I have some experience of voluntary organisations, and I know that, on the whole, they provide a cost-effective service; the argument has already been well made in the debate. Using the example of prescribed drugs, research into current services has shown that, in a few cases, the NHS is already working alongside very frail NGOs. In some cases, the relationship is symbiotic. For example, in Belfast a very skilled NHS worker is leading the team. In Bristol, Oldham and Newcastle the PCTs are part-funding local services and providing care workers. However, in most areas of the UK PCTs are woefully unaware of the problem and the department is woefully unaware that the PCTs are unaware, and therefore no-one is able to provide the necessary training and meet the need. The noble Lord, Lord Warner, spoke earlier about the shortcomings of PCTs as commissioning groups in certain situations.
My first question is already answered: can the Minister assure me that he will do everything to support good practice in the voluntary sector for victims of prescribed drugs or for any other deserving category of patients? It would help if there was a duty to support NGOs in the Bill. I know that cannot be the case, and, as I say, the Minister has answered this.
Coming specifically to Amendment 203, I will briefly repeat my interest, because, as the Minister already knows, a relative of mine has been confined to his room for over a year in almost constant pain, unable to take part in everyday life or even in family life. I do not wish to ask for special pleading, because he is one of perhaps 1.5 million people who have taken sleeping pills or other benzodiazepines who are now at risk from drug addiction which in some cases is worse than illegal drug addiction. Most of this is at the hands of doctors. As I said at Second Reading, the NHS has created a problem and it is up to the NHS to solve it.
My research tells me that the Government are not solving it. They are confusing illegal with legal drugs and they are making polite noises about what they might do, but they are not doing it. They are making claims at a high level about services which are clearly not being provided at a lower level. While the voluntary sector is being forced to act on its own, the Government show little sign of supporting it and in the present climate are likely to resist anything new.

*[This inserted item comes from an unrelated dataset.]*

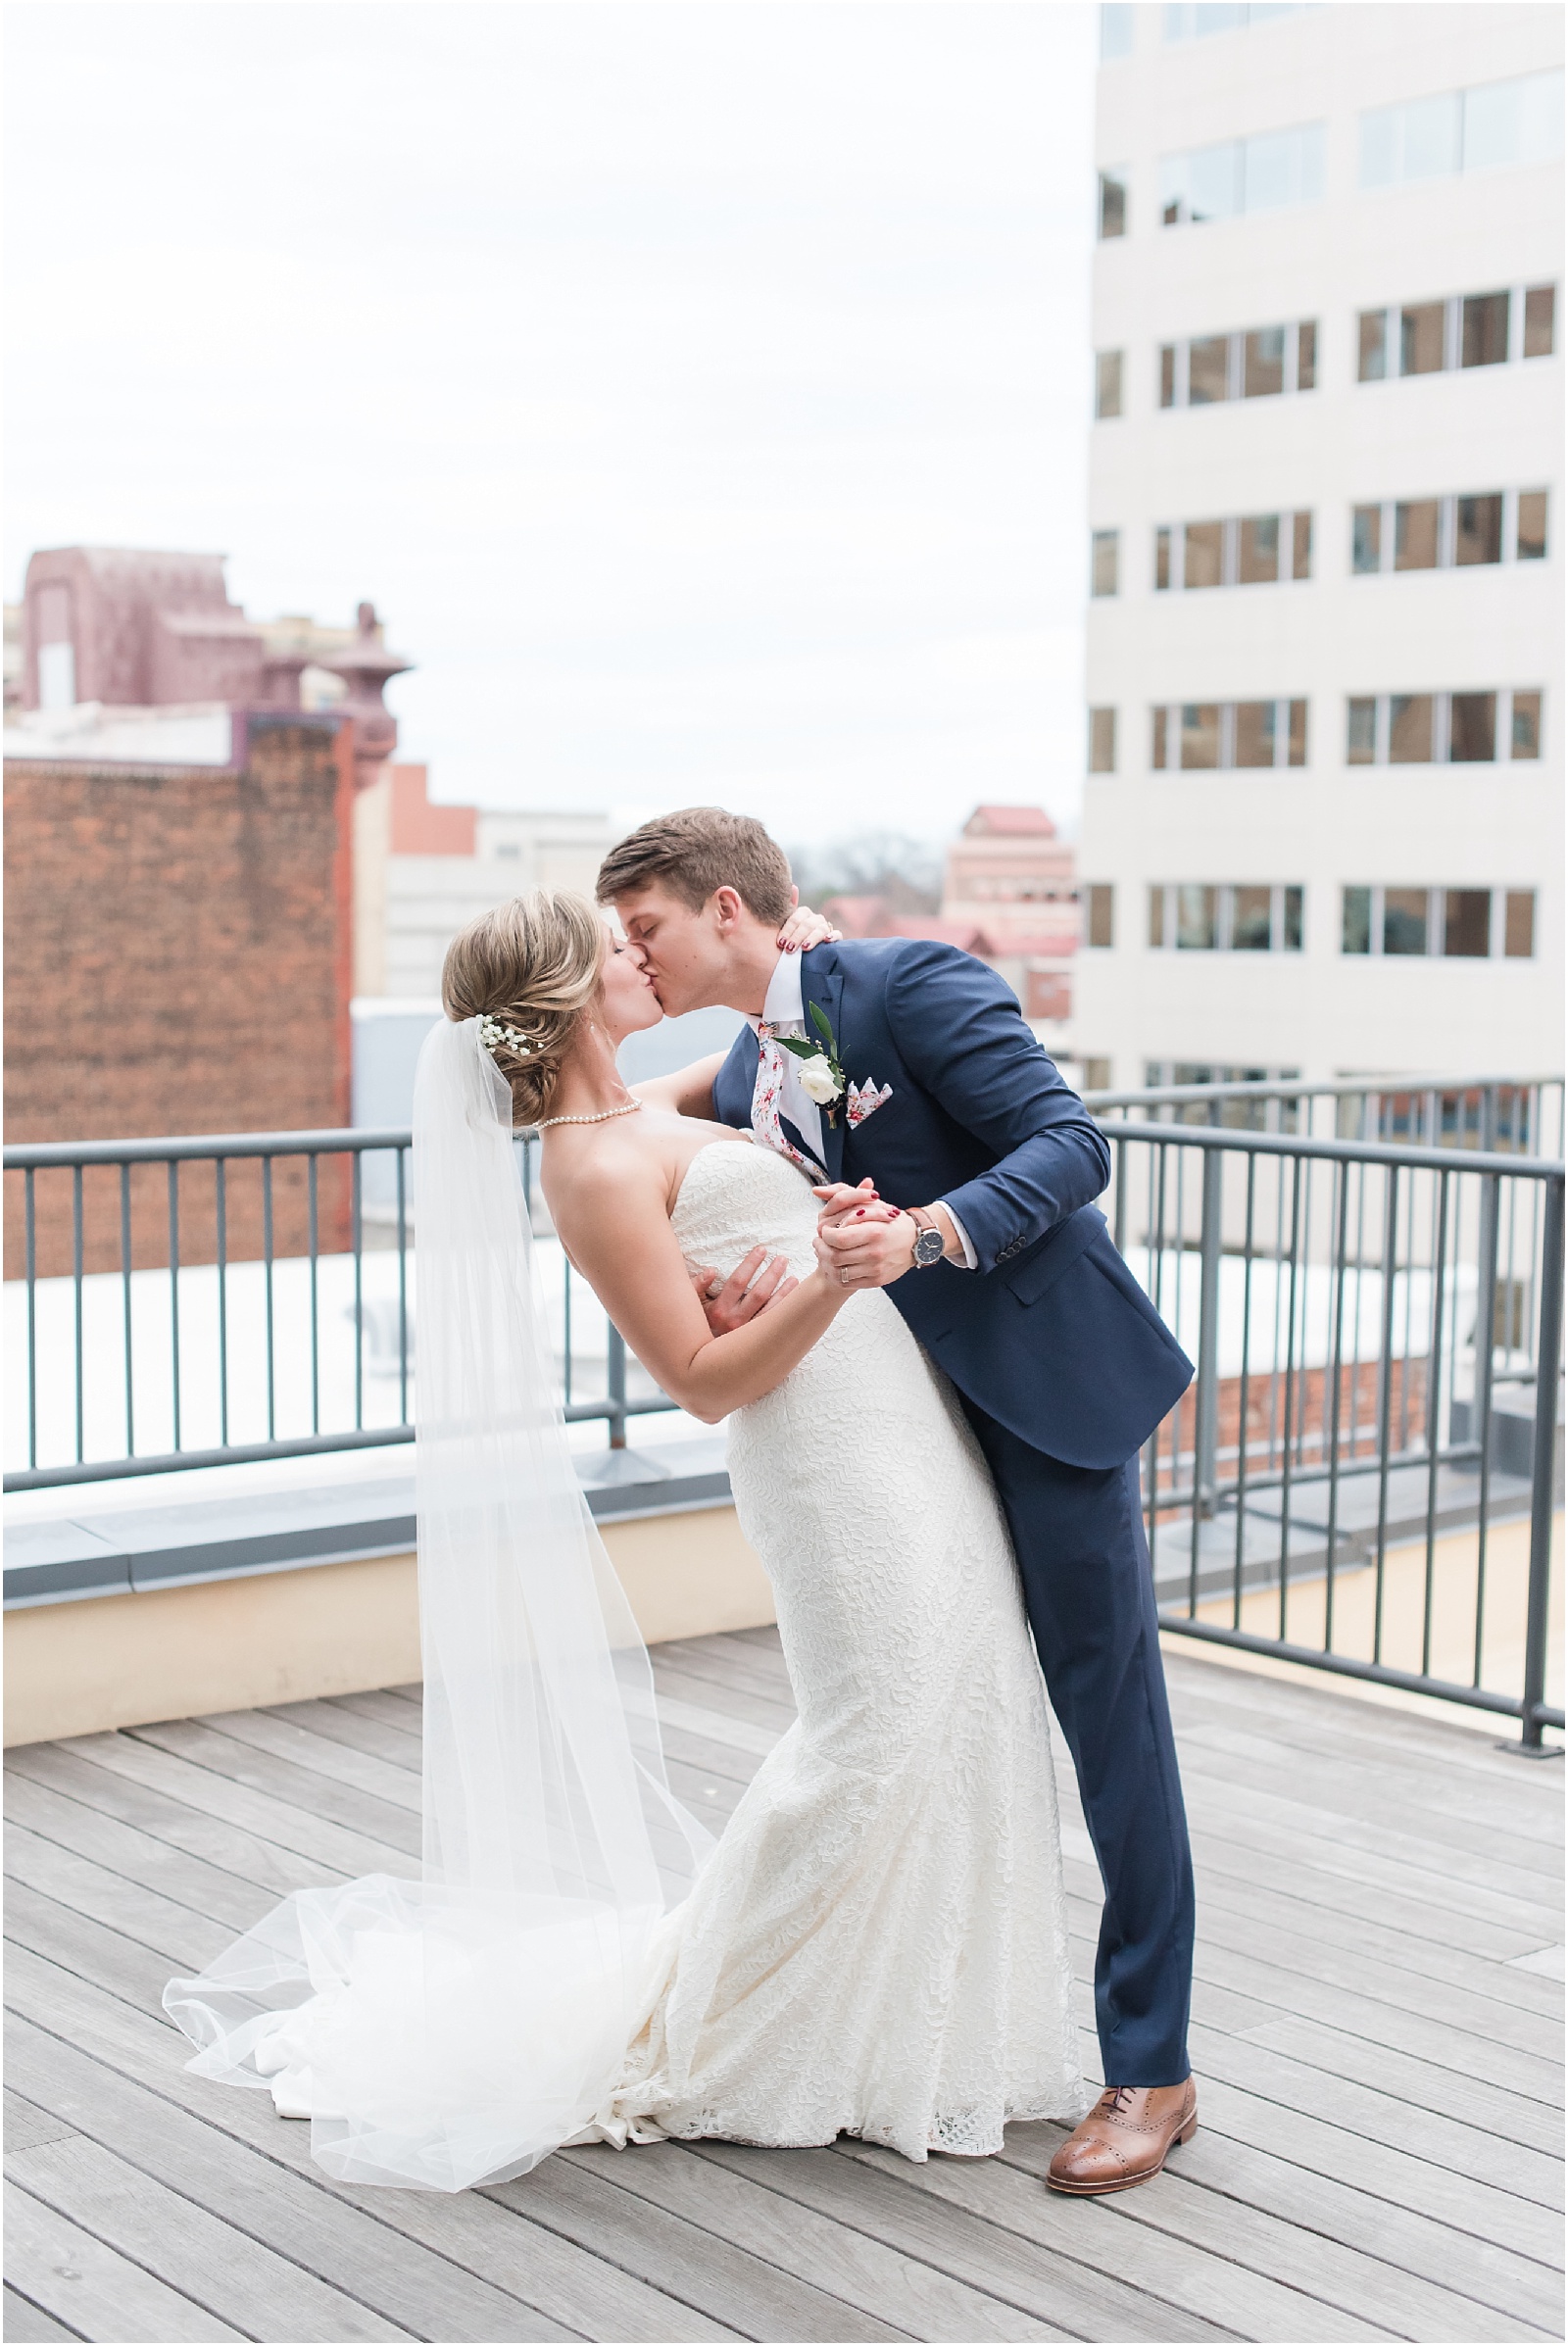 Bride and groom in a dip kiss on rooftop patio with a view of downtown Raleigh at the glass box

My amendment is about the CCGs commissioning services themselves. I know that we are going through a period of change and it is very hard to see what is now a PCT or an emerging CCG. I do know that a service confronting benzo-addiction withdrawal is not an easy service to set up. Voluntary activity so often stems from the experience of individuals who have had such experiences. Up and down the country, there are some people of high quality who have either been through the perils of addiction themselves or have been very close to someone who has been addicted. They are the people who can do the job. They are remarkable not only because they are able to apply their experience as carers and therapists without training, but because they have also had to teach themselves management, the ability to start an office, to raise funds, to advertise a service and most of all to balance time and money when there are so many other things to think about. It is like a health service in miniature. These are the people whom this Bill should support and to whom the CCGs should have a duty. I beg to move.

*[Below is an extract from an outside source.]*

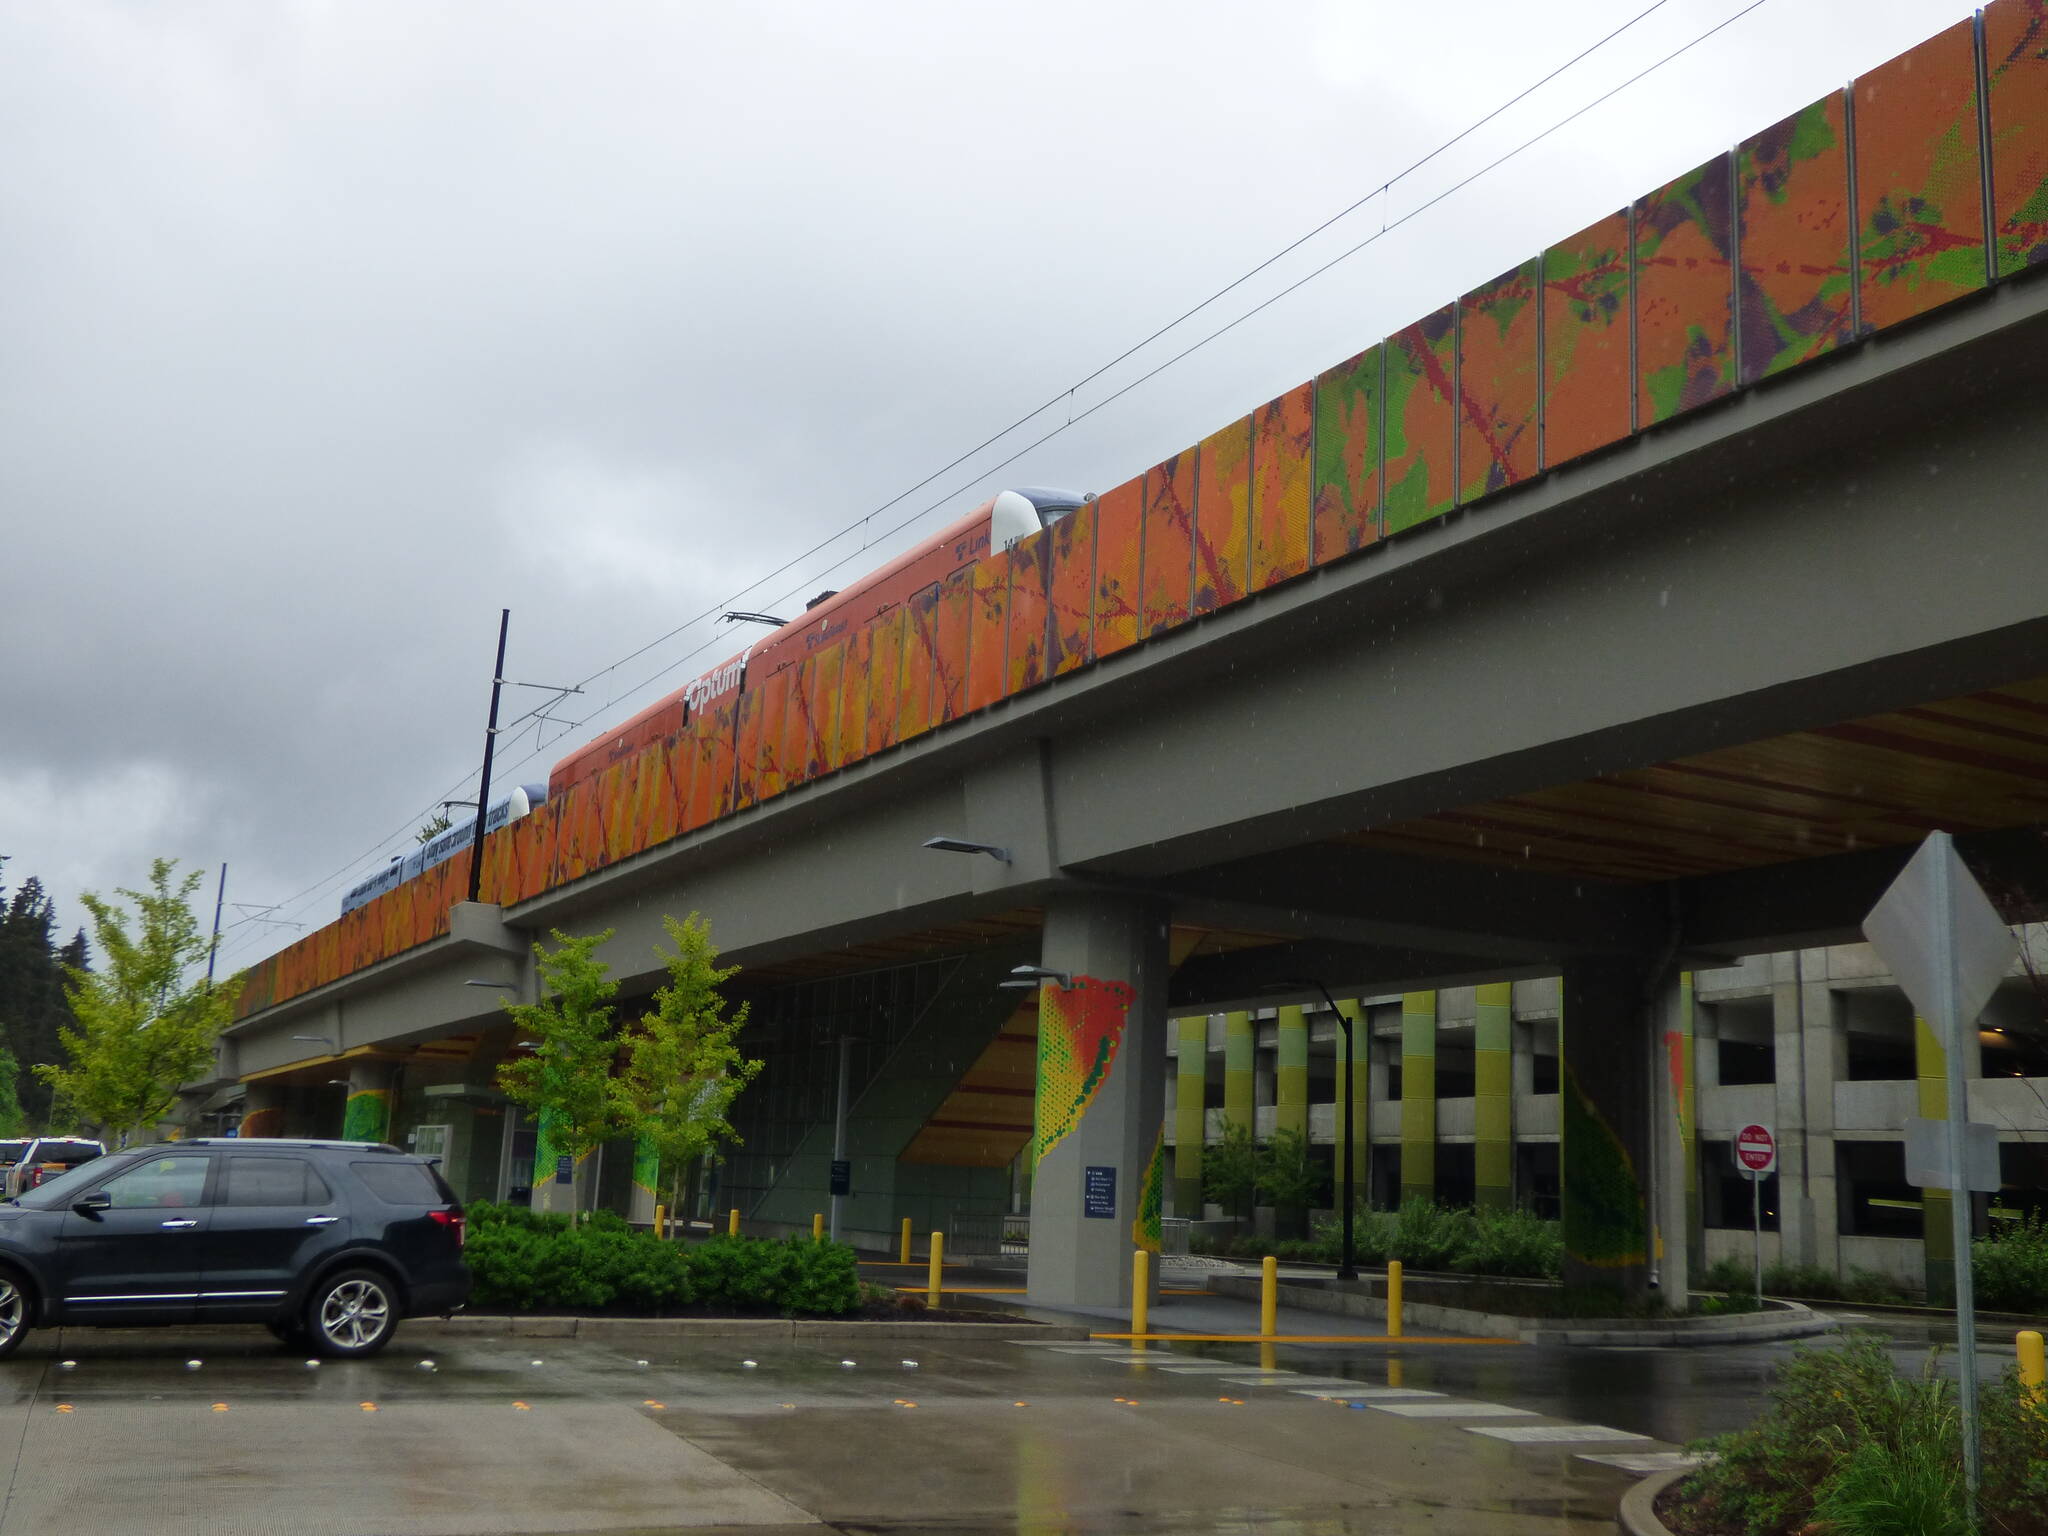 South Bellevue Station. Mural depicting the seasonal colors of the Mercer Slough by artist Vicki Scuri. (Cameron Sires/Sound Publishing)

Baroness Masham of Ilton: My Lords, I support my noble friend’s amendments. Addiction to over-the-counter drugs is an important issue. It can cause suicide. It ruins families. People cannot work. It needs all our support and I hope that the Minister will do something about this.
Lord Alderdice: My Lords, I support the noble Earl. He initiated a debate on this question some time ago. As I said at the time, one has to be careful. There are many patients who benefit considerably from some of these medications, when they are given responsibly
and monitored responsibly, but that does not always happen. One has to take this particularly seriously because, while those with alcohol and drug addiction often come to the health service for treatment-although perhaps they should come more often-this kind of addiction to prescribed drugs is effectively an iatrogenic disorder. Patients have come to have these medications, and they are not all over-the-counter medications. They are available properly only through doctors, so doctors and the health service have to take a particular responsibility. In that regard, I support the noble Earl in his concerns and I hope my noble friend the Minister will be able to give some reassurance that this is regarded seriously as an iatrogenic disorder that the health service is in some cases responsible for bringing into play through absence of proper monitoring and, in some cases, errant prescribing.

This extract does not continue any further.